Map of De Leon's route


Blog # 3
Pick an Indigenous group and write about their lifestyles, using primary sources (pictures, text, or videos).
THE CHEROKEE

            The United Sates has become a melting pot of different ethnicities, and has become home to a variety of cultures and customs; but, how often do we become aware of the history behind the peoples of each unique culture? The Cherokee are only but one group of Native Americans whose numbers have dwindled since the era of colonization. The Cherokee refer to themselves as Tsalagi which means “principal people”; the Cherokee are linguistically part of the Iroquoian language system. They had contact with the European traders during the 1700’s. Cherokee society was divided into two different classes; the “white” class led by the elders of the tribe and the “red” class lead by the younger men of the tribe, which was eradicated in the 18th century. These elders represented seven different clans within the Cherokee Nation, the role as a white man was priestly and hereditary. The white class, consisting of elders, were basically medicine men who held religious activities; such as, healing, purification and prayer. IN contrast the “red” organization’s primary duty was war and was composed of young men within the tribe. However, war was considered polluted; meaning that members of the “red” organization had to be purified by the “white” organization in order to reintegrate into their communities. The Cherokee, like a copious amount of Indian tribes, were governed in a matrilineal system; where power and authority is passed down through the female side of the family. Most elite men, before the 1800’s, practiced polygamy; a marriage with more than 1 partner. Unlike European society women were allowed to divorce freely and once married, women lived around their families homes. During the 1800’s white settlers referred to the Cherokees as “one of the five civilized Nations”, due to the fact that the Cherokee assimilated into cultural and technological aspects of European society. Article 8 in the 1817 Treaty with Cherokees stated that Cherokees could become legal citizens, marking themselves as the first non-white European group to become legal citizens. Similarly to other groups including the Muscogee, Seminoles, Chickasaw and the Choctaw, were pushed out of their ancestral lands with the passing of the Indian Removal Act. This law caused the forced move of these five tribes during the 1830’s which became known as the Trail of Tears; suffering from disease and starvation.

Trail of Tear Map


Monday, August 13, 2012

Blog #2 The Planting of English America


Blog #2 The Planting of English America

Learning Objectives
·         1. State the factors that led England to begin colonization
·          2. Describe the development of the Jamestown colony from its disastrous beginnings to its later prosperity
·         3. Describe the cultural and social change that Indian communities underwent in response to English colonization


                      In 1588 the Spanish Armada lost to British forces, paving a New path for Britain into the New World, but the New world brought about new opportunities and conflicts. Spain’s defeat meant British success in the Americas; regardless, the ecosystem was not the same and was home to Indians.
Britain utilized its rivalry with Spain in order to colonize the New World with ease, after years of tension. In spite of Spain controlling Central and South America of the New World there was a copious amount of land left within North America, the Spanish had Santa Fe, the French Quebec, and the British Jamestown.
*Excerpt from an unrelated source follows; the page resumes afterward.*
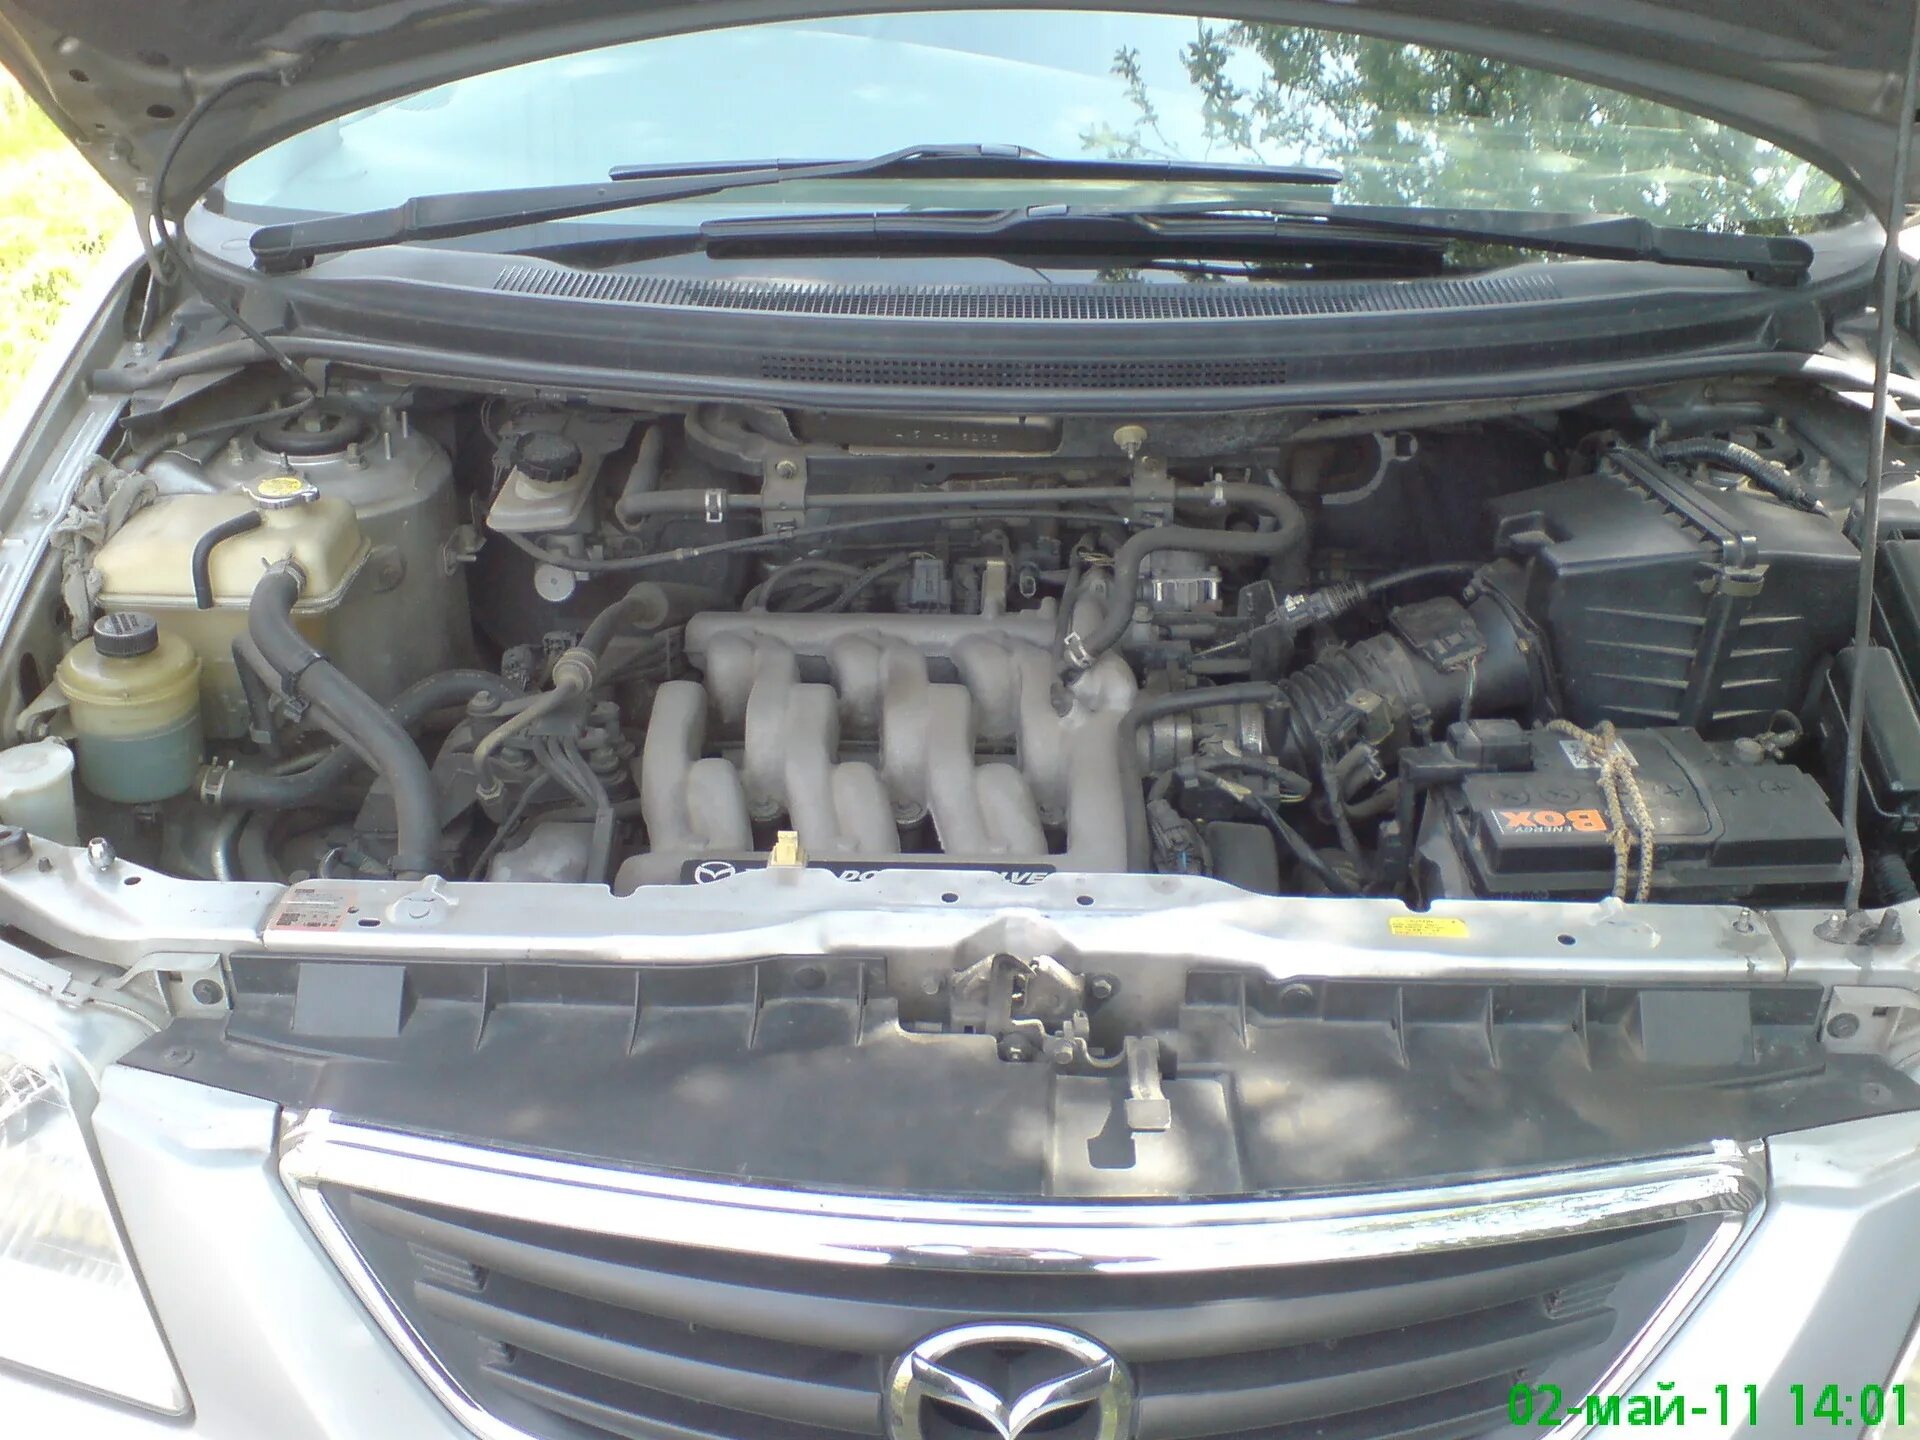 Mazda MPV 2001 ДВС 2.5. Mazda MPV 2000 2.5 мотор. Mazda MPV 2 под капотом. Mazda MPV 2005 двигатель 2.3. Двигатель мазда мпв 2.5
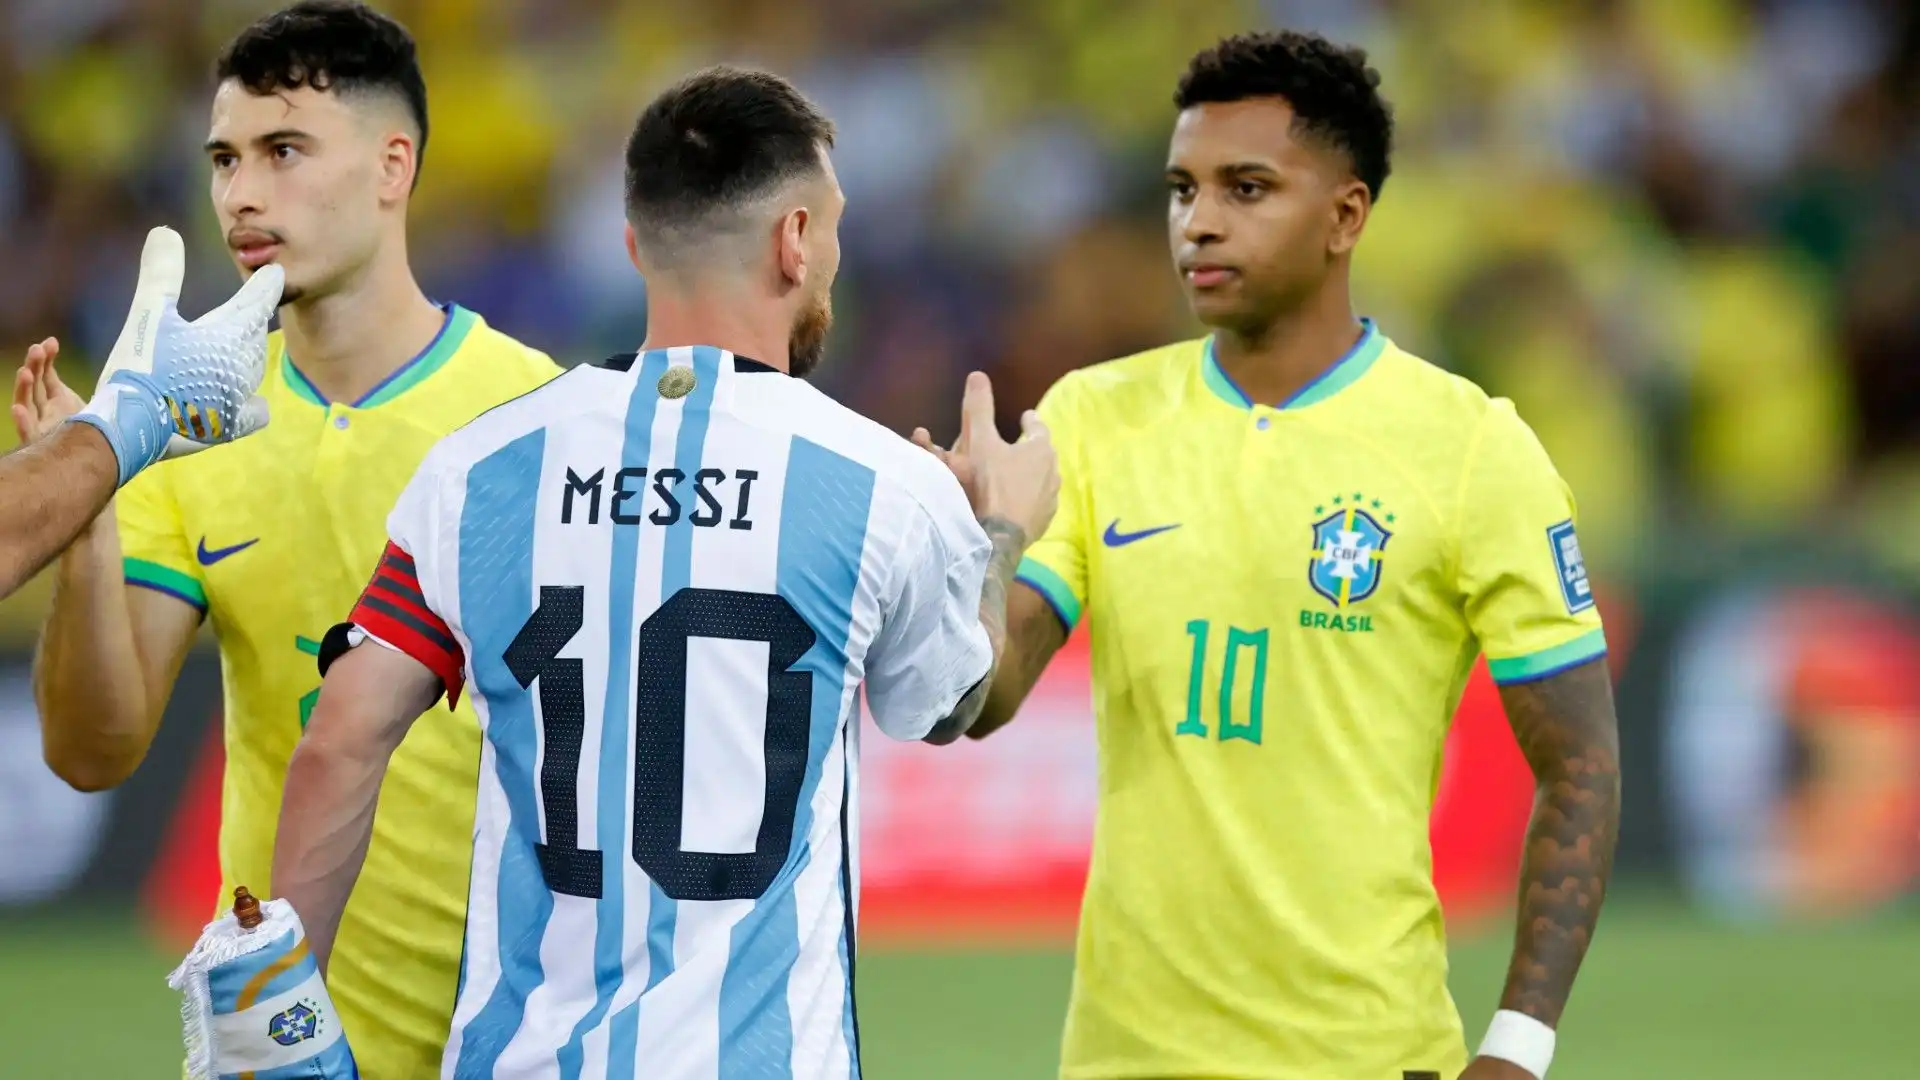 Probabilmente il campione brasiliano ha fatto qualcosa che a Messi non è piaciuto

Tension between Spain and England only heightened when Pirate Francis Drake, who stole Spanish ships for gold, was knighted on his ship by Elizabeth I. Seeking revenge, the Spanish sent an Armada to attack Britain but were defeated in 1588, allowing British crossing through the Atlantic Ocean. As the British swarmed into the Americas; held  a positive effect on the country of Britain; the government was strengthened, religious unity, the Golden age of literature, and a sense of nationalism created, in  1604 Spain and Britain signed a peace treaty. The enclosure policy menat less jobs for labors; whereas, primogeniture only allowed first born sons to inherit all of their father’s land leaving younger sons in poverty pushing laborers and younger sons into North America.
            Despite Jamestown being the first settlement by the British in the North America, colonists managed to overcome its conflict with the land. Jamestown was founded in 1606 when King James I chartered the Virginia company to make a settlement in the New world, the Virginia company guaranteed settlers the same rights as Englishmen in Britain. Of the hundred English settlers only sixty survived; however, the swampy site honed poor drinking water and mosquitos that caused malaria and yellow fever, there were no women, and men looked for gold instead of properly establishing themselves. John Smith took control of the town and created the “no work, no food” policy enforcing discipline and authority amongst the colonists. Colonists began raiding Indian food supplies erupting in war: the First Anglo-Powhatan War ending with John Rolfe, a Jamestown colonist, marrying Pocahontas. Together Rolfe and Pocahontas created a different flavor of tobacco; sweet tobacco, which became Jamestown’s cash crop and was highly sought after by Europeans.
            The colonization of the New World by British settlers created a negative effect for Chesapeake Indians, who initially desired to be allies with the settlers. Indians believed that humans co-existed with nature, while the majority of the Old World, believed that according to the book of Genesis; god had given land to humans to be used. 17th century Jamestown colonists, raided local Indian food supplies, engendering the First Anglo-Powhatan War. During the war chief Powhatan kidnapped Smith and held a mock execution where Smith was saved by Powhatan’s daughter as a sign of a friendly alliance, the first Anglo-Powahatan war was ended in 1614 when colonist John Rolfe married Pocahontas. But when the Jamestown sweet tobacco industry grew, so did the amount of tobacco began to take burden on the land as the soil was destroyed, and in 1622 the Indians led a series of attacks which resulted in the deaths of 347 settlers. In 1644 the Second Anglo-Powhatan War took place and culminated in 1646 with the Chesapeake Indians banished from their ancestral lands.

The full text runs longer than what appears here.